# [Records for this task]
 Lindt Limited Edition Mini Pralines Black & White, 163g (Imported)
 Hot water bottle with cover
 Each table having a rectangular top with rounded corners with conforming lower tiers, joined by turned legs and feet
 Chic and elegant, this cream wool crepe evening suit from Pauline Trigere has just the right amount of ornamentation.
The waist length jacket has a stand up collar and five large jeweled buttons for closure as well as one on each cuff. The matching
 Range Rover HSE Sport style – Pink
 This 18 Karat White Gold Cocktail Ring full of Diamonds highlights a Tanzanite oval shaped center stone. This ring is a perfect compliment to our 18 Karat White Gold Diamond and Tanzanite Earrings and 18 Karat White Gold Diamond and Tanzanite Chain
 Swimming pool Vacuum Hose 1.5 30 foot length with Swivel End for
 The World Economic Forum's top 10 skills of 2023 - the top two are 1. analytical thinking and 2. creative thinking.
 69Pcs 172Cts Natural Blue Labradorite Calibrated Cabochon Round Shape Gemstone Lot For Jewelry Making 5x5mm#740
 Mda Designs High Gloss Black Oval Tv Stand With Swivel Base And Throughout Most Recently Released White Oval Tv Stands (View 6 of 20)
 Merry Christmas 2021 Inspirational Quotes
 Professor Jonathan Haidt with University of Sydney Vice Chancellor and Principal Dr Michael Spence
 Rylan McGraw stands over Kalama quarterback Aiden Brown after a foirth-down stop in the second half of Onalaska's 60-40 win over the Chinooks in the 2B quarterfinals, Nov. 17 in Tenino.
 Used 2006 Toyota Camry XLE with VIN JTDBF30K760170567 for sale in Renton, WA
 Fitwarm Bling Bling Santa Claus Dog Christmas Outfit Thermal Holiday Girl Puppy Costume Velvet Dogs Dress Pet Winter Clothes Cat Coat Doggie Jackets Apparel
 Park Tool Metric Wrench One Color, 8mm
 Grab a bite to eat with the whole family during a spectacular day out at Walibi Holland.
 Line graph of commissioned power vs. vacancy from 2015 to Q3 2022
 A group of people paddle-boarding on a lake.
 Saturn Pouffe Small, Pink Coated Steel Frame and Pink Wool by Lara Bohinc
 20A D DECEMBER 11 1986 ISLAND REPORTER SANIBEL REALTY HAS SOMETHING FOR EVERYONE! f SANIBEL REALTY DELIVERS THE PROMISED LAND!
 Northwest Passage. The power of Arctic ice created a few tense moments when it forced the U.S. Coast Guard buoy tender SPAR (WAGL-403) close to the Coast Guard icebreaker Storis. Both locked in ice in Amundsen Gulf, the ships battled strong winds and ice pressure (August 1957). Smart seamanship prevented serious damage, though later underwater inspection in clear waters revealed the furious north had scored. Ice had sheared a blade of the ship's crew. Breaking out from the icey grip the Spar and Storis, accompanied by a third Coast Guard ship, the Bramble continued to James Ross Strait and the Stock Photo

# [Your assignment]
When a line in the material above includes the word "Swivel", copy that line.

# [Your response]
 Swimming pool Vacuum Hose 1.5 30 foot length with Swivel End for
 Mda Designs High Gloss Black Oval Tv Stand With Swivel Base And Throughout Most Recently Released White Oval Tv Stands (View 6 of 20)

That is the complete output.